Automated testing of AJAX content from 3-rd party

Usually when you are creating automation E2E suite with Selenium or just some REST testing you have access to developers to try and simplify your work. You can negotiate to add special ids to elements in the DOM so you don’t end up with flaky e2e failing every time when element was moved; you can add endpoint to the api to simplify authorization for tests or environment creation.

But when the service you develop suite for is dependent from 3-rd party, when content of pages is filled through sources outside of accessible scope, you don’t have such luxury like I mentioned above.

If you’re lucky 3-rd party won’t block your requests and will show content for your Selenium tests. But some of us are not lucky.

I have took a part in developing a suite for a service which simplifies PPC campaign advertisement placement. Though all pages and endpoints I’ve tried to test were owned by our team, big part of relevant content was supplied by a 3-rd party.

While working on the suite I ran into such problems as:

  • need to log AJAX request data in different browsers in E2E tests
  • need to recognize if content was loaded correctly and was shown

Log AJAX requests while browsing with Selenium

If you try to think about, in perfect conditions such problem could be classified as trivial. You just need to connect your Driver to a proxy and let it log everything you need.

But in reality 3-rd party service will probably stop responding to you if could notice even the smallest sign of proxy. Such 3-rd party i’ve ran into.

We tried to proxy traffic via Charles (at least to get some results) and Browsermob (as it is very simple to connect it to Selenium) but failed with both of them.

The problem is, Browsermob can send your requests further but will add some headers to requests which will allow to identify you as a proxy user.

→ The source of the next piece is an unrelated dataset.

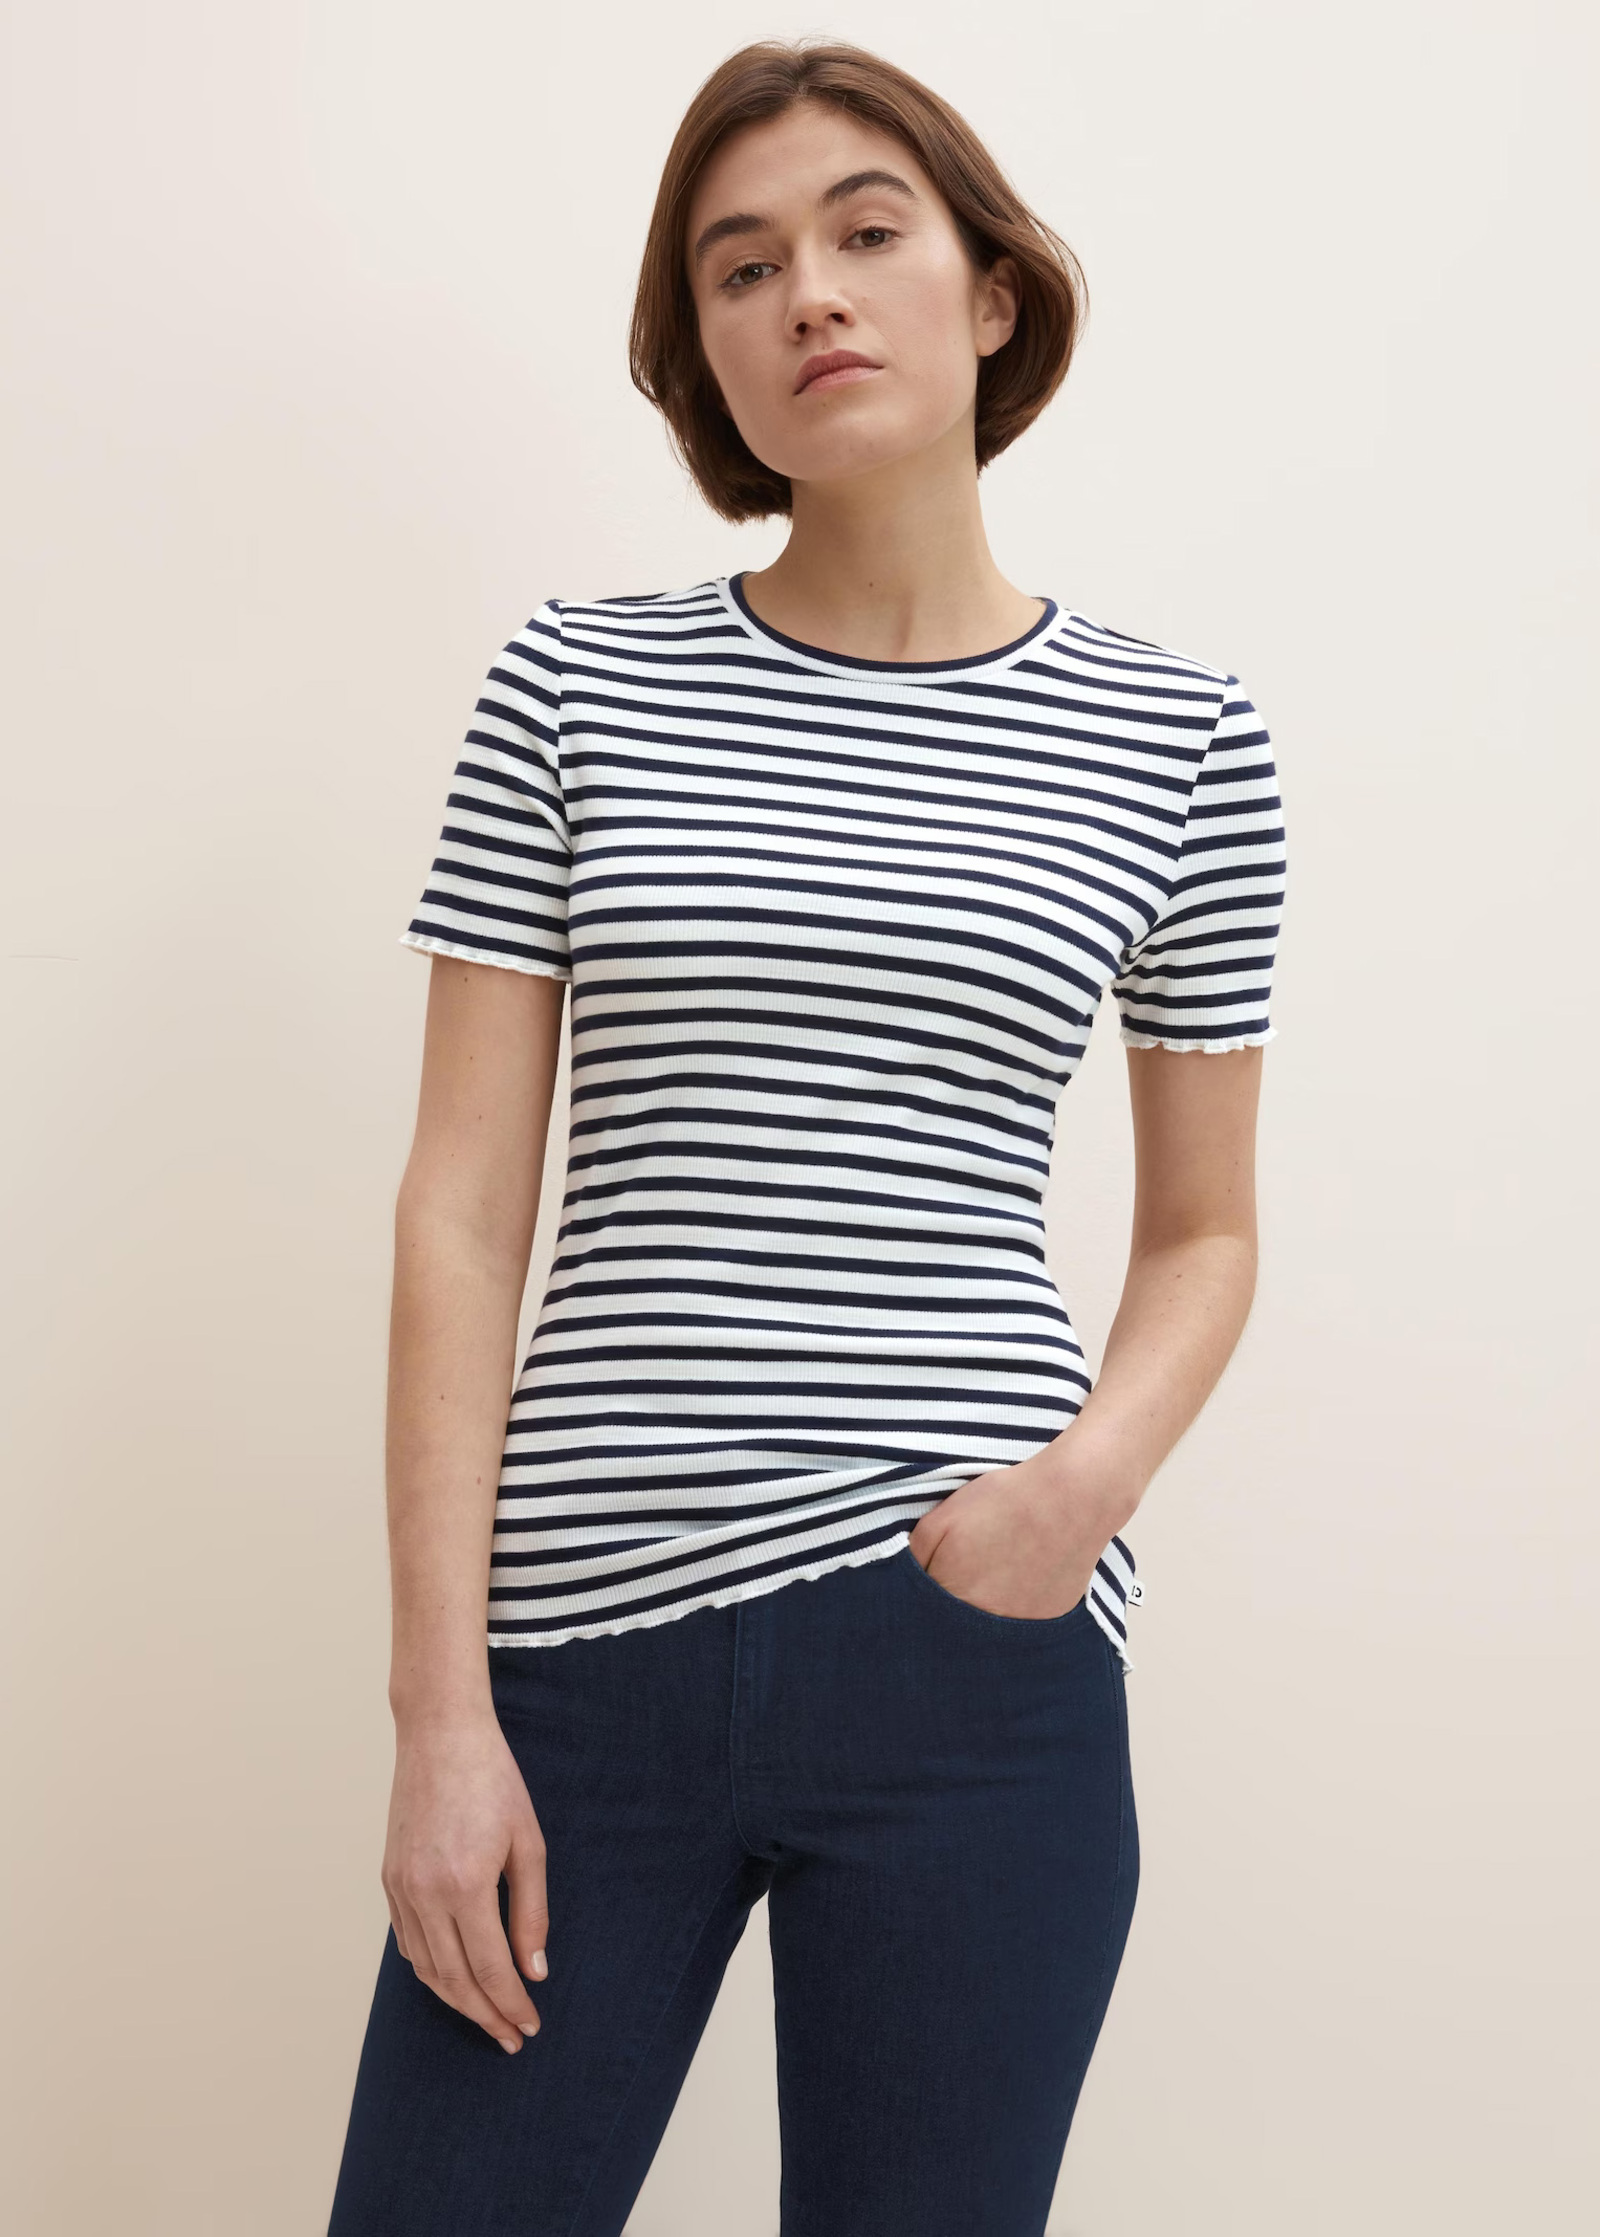 Tom Tailor® Slim fit t-shirt with Stripes - Navy White Stripe Size M

In particular, I’ve seen headers ‘HTTP_VIA’ and modified ‘HTTP_X_FORWARDED_FOR’ and that was enough.

You can try to modify those headers in ‘proxy_to_server’ method of Browsermob but it will add up its headers after yours. And while ‘HTTP_VIA’ can be removed, ‘X_FORWARDED_FOR’ will be added back even if you stated to remove it.

So to solve this problem I’ve used proxy named ‘mitmproxy’. It’s an open-source python project which can forward your requests and allow you to see logs of it.

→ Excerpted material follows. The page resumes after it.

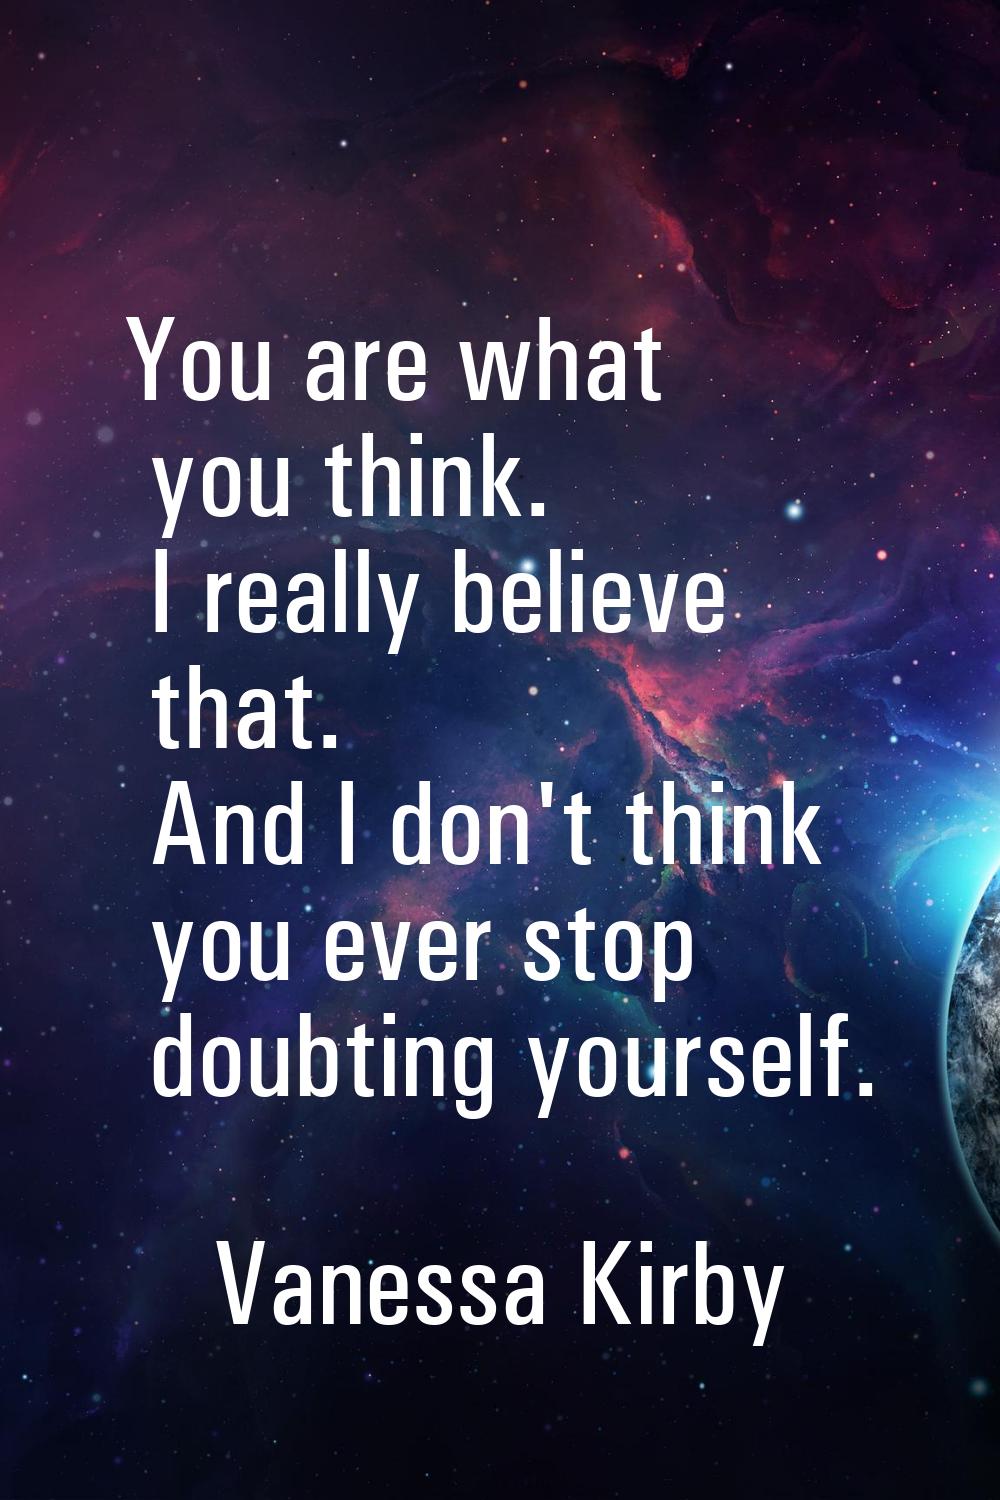 You are what you think. I really believe that. And I don't think you ever stop doubting yourself.

It has wonderful console debugger and python api. For our needs it was necessary to save those logs somewhere else so we had proxy dumping data while working into ‘flow’ file which is later transformed into HAR.

To do so you basically need 2 console commands:

mitmproxy -w dump
mitmproxy -nr dump -s “ result.har”

After that you can work with HAR archive in your code and assert all you want.

Notice script. It’s the script which will transform your flow into HAR. It can be found in repository of the proxy.

Recognize advertisement

So now we come to part where it was needed to assert visibility and contents of 3-rd party content. There is a lot of methods to do it in normal conditions such as get element in DOM and look for attributes which would indicate correct behavior but in case of 3-rd party content may come to you in very different forms. Sometimes it’s iframe, sometimes it’s plain text and then followed by image.

How to recognize that content is the content and not some error when you don’t know how all possible errors could look like? Use computer vision. It’s 2017 and Internet is full of recognition tools. Some of them even allow you to operate via HTTP — send them a pic and they will tell you what’s on it.

I quite like Google Cloud for such tasks. They allow you to use their Vision API with simple request and all you need to is take screenshot with Selenium, use your favorite HTTP library, send the screenshot with it and get category list out of response. With that list you can assert and be sure what was on the page when test ran.

Though note that such services won’t tell you with 100% probability when content is the content. For example, it can tell you screenshot have advertisement from time to time but to get results be as reliable as possible look at category list you get and analyze it to cover all positive cases.

So in the end testing suite became dependent from proxy and recognition service other than Selenium (Selenide), browser drivers, Http and Json libraries but now I can say that it will assure all content is shown correctly and without errors for sure.